На смену царству света приходит царство
контрастов и борения света и тьмы. На
смену улыбчивости «эпохи гобеленов»
приходит грозный и непочтительный смех
«Капричос».
Тут Гойя тоже «играет», но это очень серьезная
игра, чья цель—гротескное переворачивание
священнейших идеалов и установлений
одряхлевшей Испании, в которой старость
царствует над жизнью и уничтожает ее,
ослиная глупость оседлала людей, ночь
прошлого застит дневной свет, а «сон разума
рождает чудовищ». «Капричос» — это яростное,
заставляющее людей проснуться и возмутиться
произведение, в котором воинствующее
Просвещение уже превосходит себя и наполняется
революционными страстями. Никто из современников
испанского мастера не показал этого в
такой степени.
И рядом со «спящей Испанией» — другая,
пока лишь носимая в человеческих душах
и потому подлежавшая ведению портретиста.

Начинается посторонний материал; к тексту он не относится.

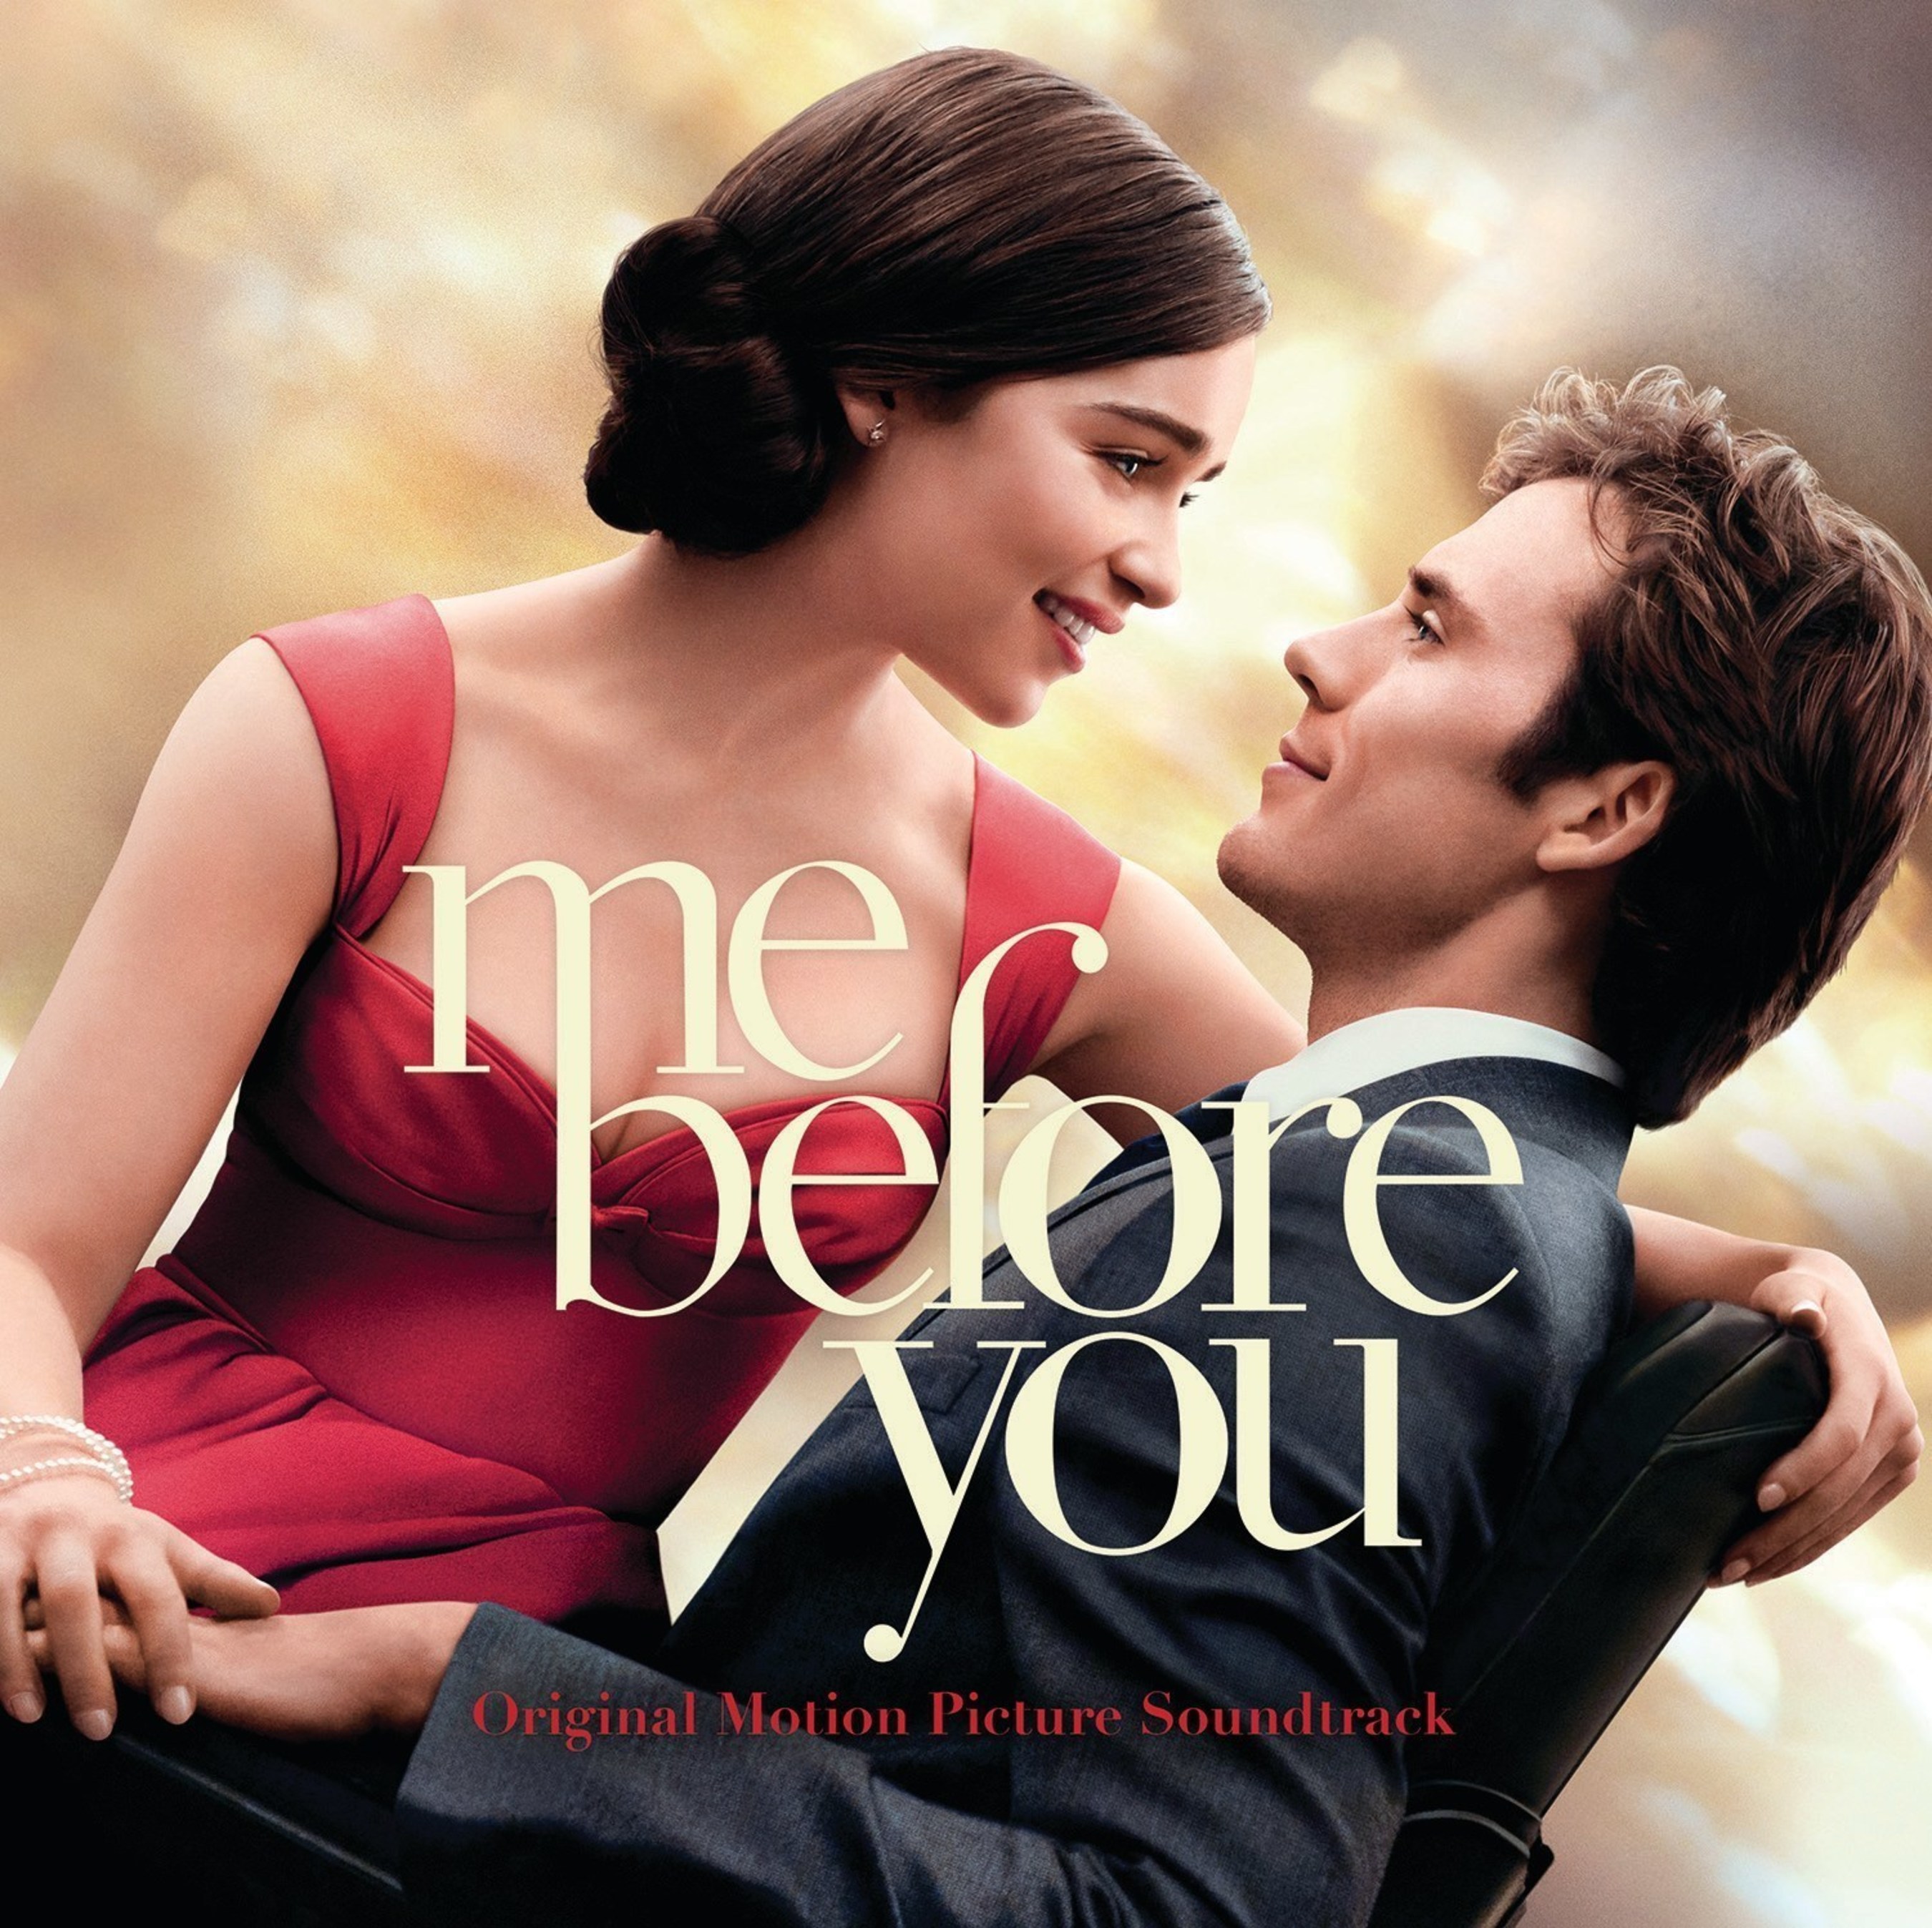 Interscope Records to Release Official Soundtrack to Upcoming Film Me Before You on June 3rd

Как раз в рубежный период 1794—1808 годов
Гойя создал примерно три четверти своих
работ в портретном жанре — портреты групповые
и одиночные, парадно-демонстративные
и камерные, лирические и драматические,
саркастические и героические. Всякий
раз в них художник испытывает потенциальные
возможности человеческой личности, невзирая
на ее официальное положение. Гойя опрокидывает
все предрассудки сословного общества,
исследуя заложенные в душах способность
или неспособность личности к свободе.
Именно в портретах Гойи яснее всего ощутимо,
как просветительские идеалы Разума, достигая
в столкновениях с действительностью
высокого драматического пафоса, трансформируются
в романтические идеалы мятежной энергии
и страсти, как рождаются новый человеческий
тип и новый век. Но вот век этот родился
и уже к 1808 году обернулся для Испании
чередой исторических потрясений: падением
бурбонской династии, французским нашествием,
национальным сопротивлением и революцией,
а после реставрацией, новой революцией
и новой реставрацией. Испания была вовлечена
на деле в интенсивный процесс общеевропейского
исторического переустройства, и он оказался
для нее невиданно мучительным.
Гойя XIX века — прежде всего художник современной
национальной истории, впервые понятой
исключительно как история народов, а
не «героев», и впервые увиденной в некой
двойной экспозиции — изнутри, с точки
зрения страдающего и борющегося человека
из мяса и костей; извне, с точки зрения
объективных общеисторических перспектив
и судеб; в плане обостренно личного переживания
и в плане историко-философского размышления.
Первая тенденция вела Гойю к душераздирающему
реализму факта и хронике лично увиденного
и пережитого; вторая — к обобщенной системе
историко-философской символики. В этой
широчайшей амплитуде расхождений и слияний
документа и символа совершается развитие
гойевского искусства XIX столетия, возникают
такие творения, как диптих «Восстание
на Пуэрта дель Соль» и «Расстрел мадридских
повстанцев» (1814), офорты серии «Роковые
последствия кровавой войны с Бонапартом
в Испании...» (позднейшее название — «Бедствия
войны», 1810—1815), офорты «Диспаратес» (ок.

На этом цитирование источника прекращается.